Richard_Ngo comments on Three reasons to cooperate

Richard_Ngo 23 May 2023 20:53 UTC
9 points
5
I don’t think I understand the principled difference between correlation and reciprocity; the latter seems like a subset of the former. Let me try say some things and see where you disagree. This is super messy and probably doesn’t make sense, sorry.
1. There are many factors which could increase the correlation between two agents’ decisions. For agents that are running reciprocity-like policies, the predictions they make about other agents are a particularly big factor.
2. In picking out reciprocity as a separate phenomenon, you seem to be saying “we can factorize the correlation into two parts: the correlation that would arise if we weren’t predicting each other’s decisions, and then the additional correlation that arises from us predicting each other’s decisions”.*
3. But I don’t think that “predicting each other’s decisions” constitute a clear-cut category. For example, maybe I partly have kindness genes because my ancestors kept running into people that are kind for roughly the same reasons as you might be kind (e.g. facts about how evolution works and how neural networks work). So in some sense, being kind counts as a prediction about your decision. Or more directly: I have a bunch of cached heuristics about how to interact with other agents, that I’ll draw on when trying to make my decision, which implicitly involves predicting that you’ll be like other agents.
4. Maybe instead the factorization you’re using is “fix a time T, everything that I knew before T is background correlation, and all the thinking I do after time T can count as part of reciprocity”. This seems like a reasonable factorization but again it doesn’t seem like it’s very clear-cut, and I’m not actually sure that’s what you’re doing.

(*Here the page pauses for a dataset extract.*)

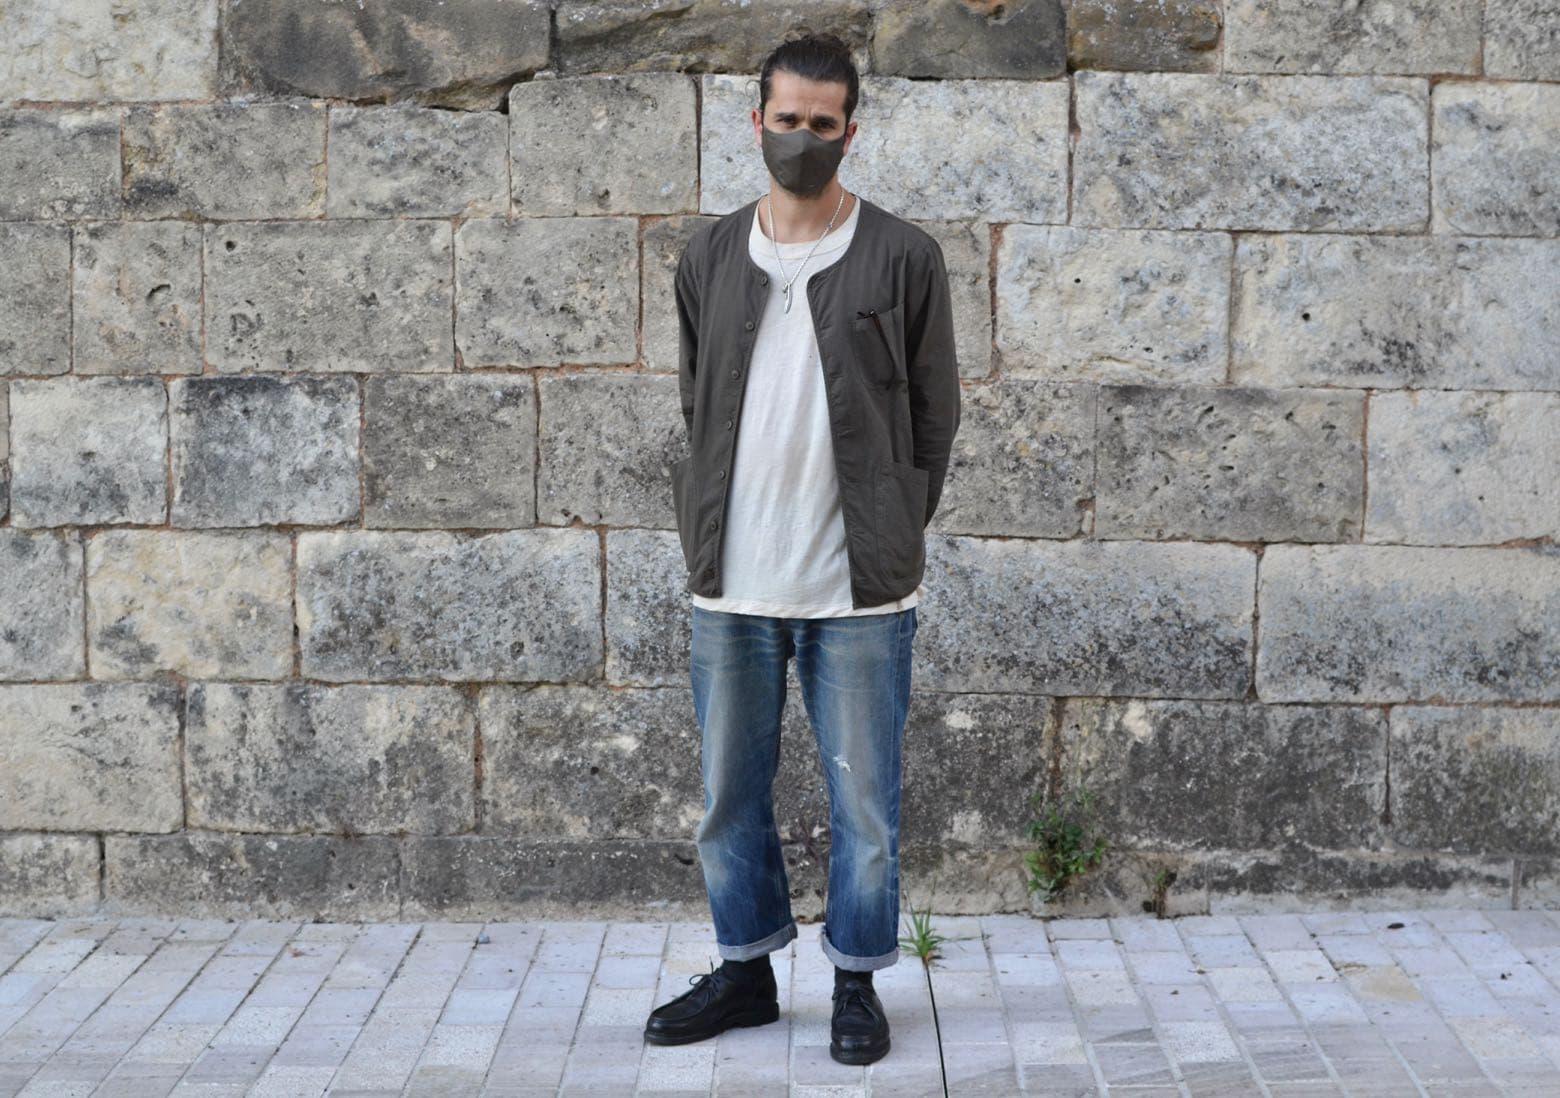 look style stret heritage workwear homme avec jean coupe droite et comment porter paraboot michael

Maybe this is still the most useful factorization regardless. But here’s a tentative guess at what a more principled way of thinking about this might look like:
1. Identify the different components of my decision-making algorithm, like:
  1. Evolutionarily-ingrained drives and instinctive decision theories
  2. Heuristics shaped by my experiences
  3. More cerebral conclusions based on doing high-level reasoning (e.g. “reciprocity good”)
  4. Predictions about what you’ll do given your predictions of me
  5. Predictions about what you’ll do given your predictions of what I’ll do given my predictions of what you’ll do
  6. Etc...
  7. My current best-guess decision
2. Search for modifications to each of these components which have the property such that, in the nearest worlds where this modification were true, the overall outcome would be better by my current standards (both via influencing my traits and decisions and via influencing your traits and decisions). E.g. if I had evolved to be kinder, then maybe you would have evolved to be kinder too; if I had decided on a different decision theory maybe you would have too; etc.
3. Use my modified decision-making algorithm to make a decision.
Ofc our lack of a good way of reasoning about “nearest worlds” means that only pretty small changes will in practice be justifiable.

* In fact you could think of this as infinite regress: there’s some level-0 correlation before we predict each other, then there’s some level-1 correlation given our predictions of each other’s predictions of the level-0 correlation, and so on. But that doesn’t seem important here.
- paulfchristiano 24 May 2023 1:00 UTC
  7 points
  5
  Parent
  I think it was confusing for me to use “correlation” to refer to a particular source of correlation. I probably should have called it something like “similarity.” But I think the distinction is very real and very important, and crisp enough to be a natural category.
  More precisely, I think that:
  Alice and Bob are correlated because Alice is similar to Bob (produced by similar process, running similar algorithm, downstream of the same basic truths about the universe...)
  is qualitatively and crucially different from:
  Alice and Bob are correlated because Alice is more likely to cooperate if Bob cooperates (so Alice is correlated with her model of Bob, which she constructed to be similar to Bob)
  I don’t think either one is a subset of the other. I don’t think these are an exhaustive taxonomy of reasons that two people can be correlated, but I think they are the two most important ones.
  For example, maybe I partly have kindness genes because my ancestors kept running into people that are kind for roughly the same reasons as you might be kind (e.g. facts about how evolution works and how neural networks work). So in some sense, being kind counts as a prediction about your decision. Or more directly: I have a bunch of cached heuristics about how to interact with other agents, that I’ll draw on when trying to make my decision, which implicitly involves predicting that you’ll be like other agents.
  On its own I don’t see why this would lead me to be kind (if I generally deal with kind people, why does that mean I should be kind?) I think you have to fill in the remaining details somehow, e.g.: maybe I dealt with people who are kind if and only if X is true, and so I have learned to be kind when X is true.
  In my taxonomy this is a central example of reciprocity—the correlation flows through a pressure for me to make predictions about when you will be kind, and then be kind when I think that you will be kind, rather than from us using similar procedures to make decisions. I don’t think I would call any version of this story “correlation” (the concept I should have called “similarity”).